I am currently working on validating experimental results from the Hanchak ballistic impact tests using the Holmquist–Johnson–Cook (HJC) model, implemented in Abaqus via a VUMAT subroutine. At higher impact velocities, the simulated residual velocities remain consistent and show good agreement with experimental data. However, as the impact velocity decreases, I observe minimal variation in residual velocity. According to the reference study, the ballistic limit is reported at 301 m/s, but in my case, I still obtain a residual velocity of 205 m/s, even after refining the mesh to 1 mm.

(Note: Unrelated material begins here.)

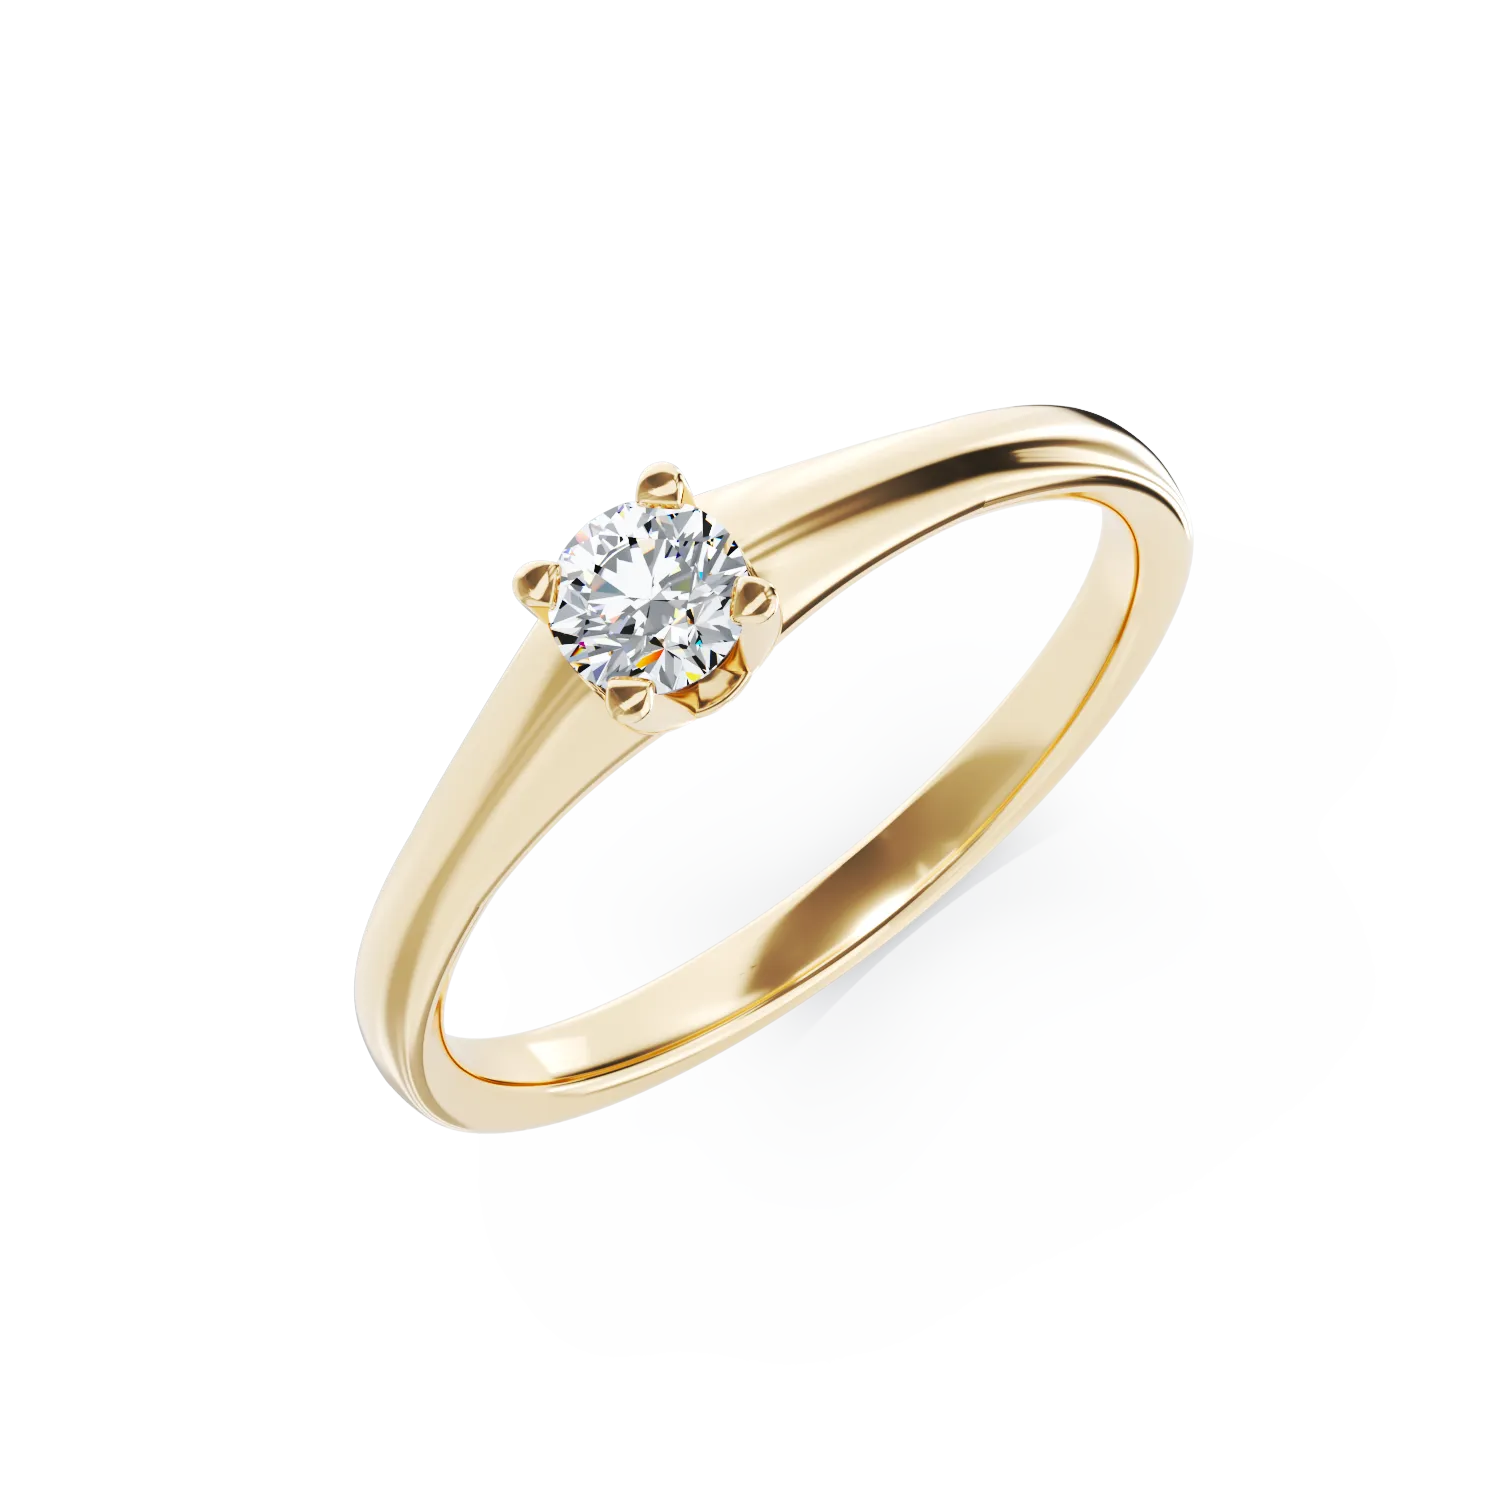 Inel de logodna din aur galben de 18K cu un diamant solitaire de 0.1ct

Moreover, when the total simulation time is increased, the model exhibits rapid and excessive element deletion, which appears unrealistic and significantly affects the results.

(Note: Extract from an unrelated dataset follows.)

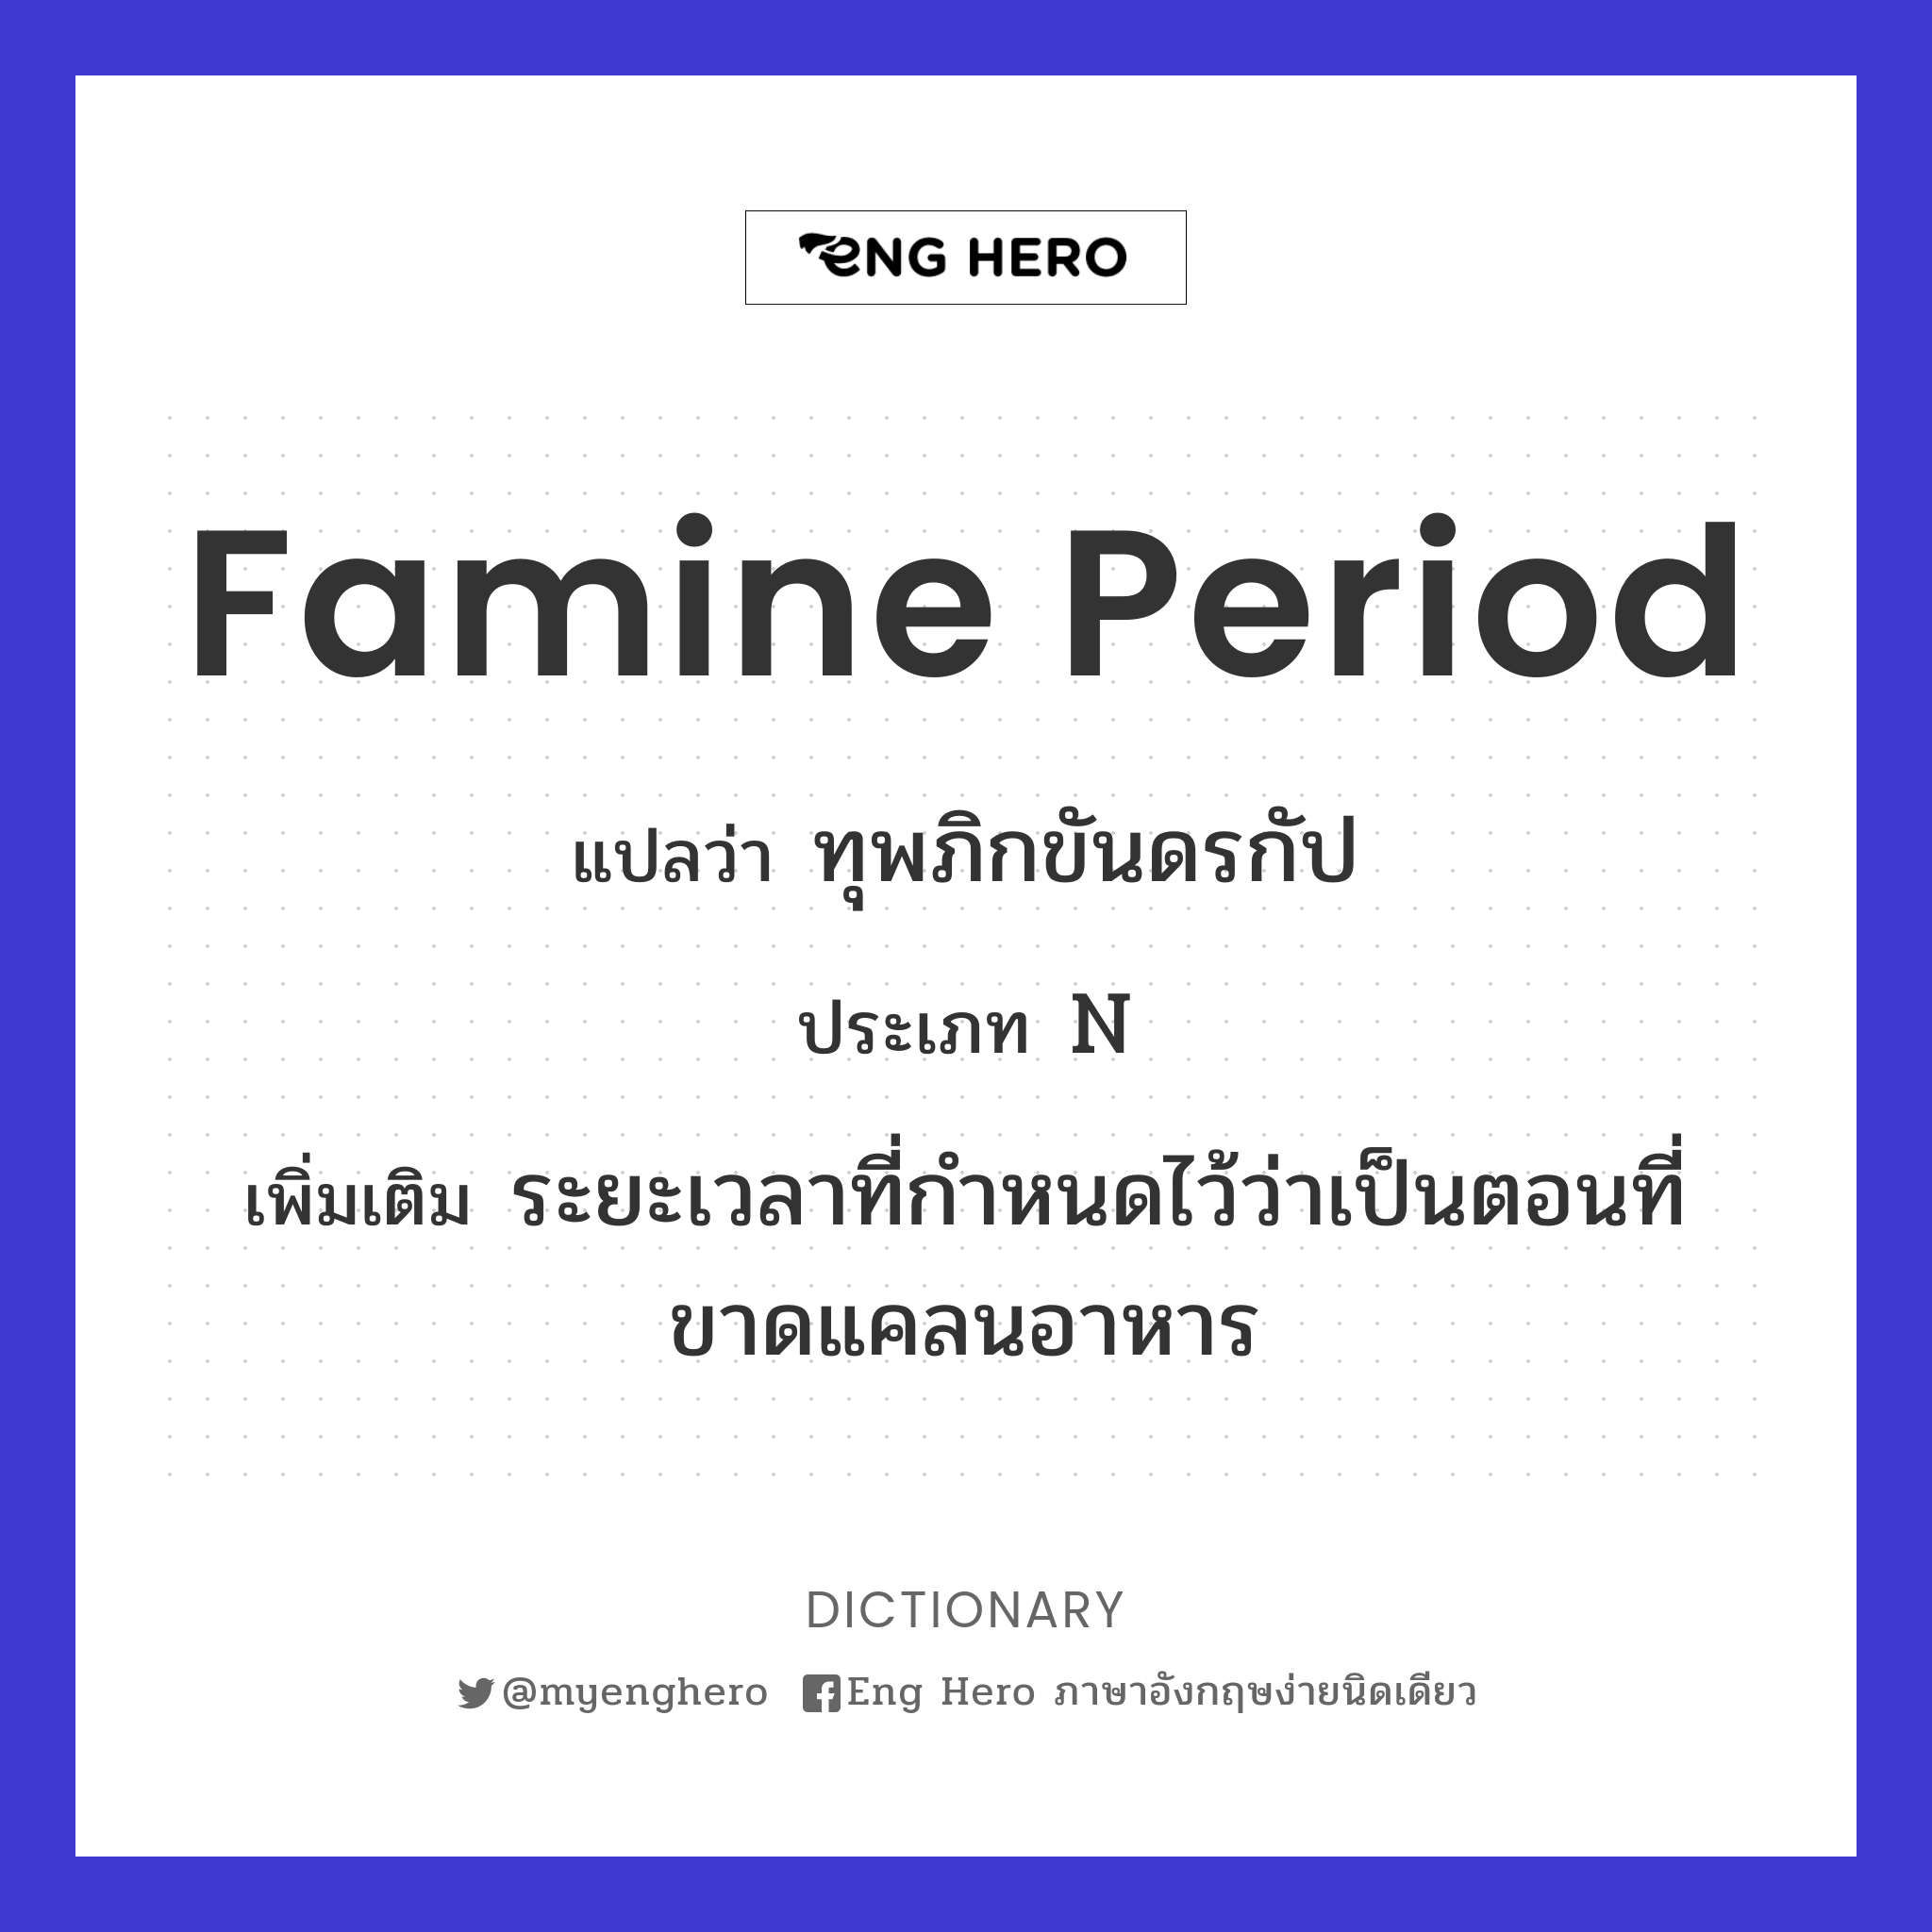 famine period

Despite reviewing multiple studies that utilize the HJC model, I have not found a clear resolution to this issue. I’m reaching out to see if others have encountered similar challenges and to seek suggestions on corrective measures that could improve simulation accuracy—particularly at lower impact velocities.

A parameter that appears to play a critical role is the Failure Strain (FS) threshold used for element deletion. While damage in the HJC model is primarily governed by D1 and D2, I am unsure why FS is influencing the results so strongly. According to the Abaqus documentation, an FS value of 0.2 is suggested for SiC, whereas other papers have used values as low as 0.004—yet many studies fail to report this parameter altogether.

If anyone can provide guidance on selecting an appropriate FS value or share methods for determining it experimentally or analytically, I would greatly appreciate your insights. Thank you!